→ **THE TASK**: From the records, return each line that has the word "Nike" in it.
=== Section Start ===
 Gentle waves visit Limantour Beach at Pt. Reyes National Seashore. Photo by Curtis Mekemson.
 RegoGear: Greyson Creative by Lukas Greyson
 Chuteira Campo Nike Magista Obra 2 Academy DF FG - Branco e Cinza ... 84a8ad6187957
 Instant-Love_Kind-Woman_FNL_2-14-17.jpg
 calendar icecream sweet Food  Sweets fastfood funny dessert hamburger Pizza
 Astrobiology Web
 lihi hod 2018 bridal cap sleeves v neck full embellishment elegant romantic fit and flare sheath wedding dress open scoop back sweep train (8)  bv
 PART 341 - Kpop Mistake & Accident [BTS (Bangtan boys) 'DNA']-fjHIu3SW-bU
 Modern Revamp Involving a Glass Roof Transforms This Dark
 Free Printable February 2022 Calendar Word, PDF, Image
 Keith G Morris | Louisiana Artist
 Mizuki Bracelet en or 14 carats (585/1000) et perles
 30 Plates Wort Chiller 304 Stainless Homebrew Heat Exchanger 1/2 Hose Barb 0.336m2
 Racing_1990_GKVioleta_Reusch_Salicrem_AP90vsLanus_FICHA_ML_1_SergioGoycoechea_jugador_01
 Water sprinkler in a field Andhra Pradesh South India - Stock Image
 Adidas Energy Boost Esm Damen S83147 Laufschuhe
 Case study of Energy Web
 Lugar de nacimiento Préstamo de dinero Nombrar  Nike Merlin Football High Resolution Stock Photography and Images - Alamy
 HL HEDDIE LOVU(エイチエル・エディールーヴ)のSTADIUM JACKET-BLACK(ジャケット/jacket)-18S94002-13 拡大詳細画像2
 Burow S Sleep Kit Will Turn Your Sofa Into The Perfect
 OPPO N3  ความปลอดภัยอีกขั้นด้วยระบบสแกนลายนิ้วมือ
=== Section End ===
→ **THE ANSWER**:
 Chuteira Campo Nike Magista Obra 2 Academy DF FG - Branco e Cinza ... 84a8ad6187957
 Lugar de nacimiento Préstamo de dinero Nombrar  Nike Merlin Football High Resolution Stock Photography and Images - Alamy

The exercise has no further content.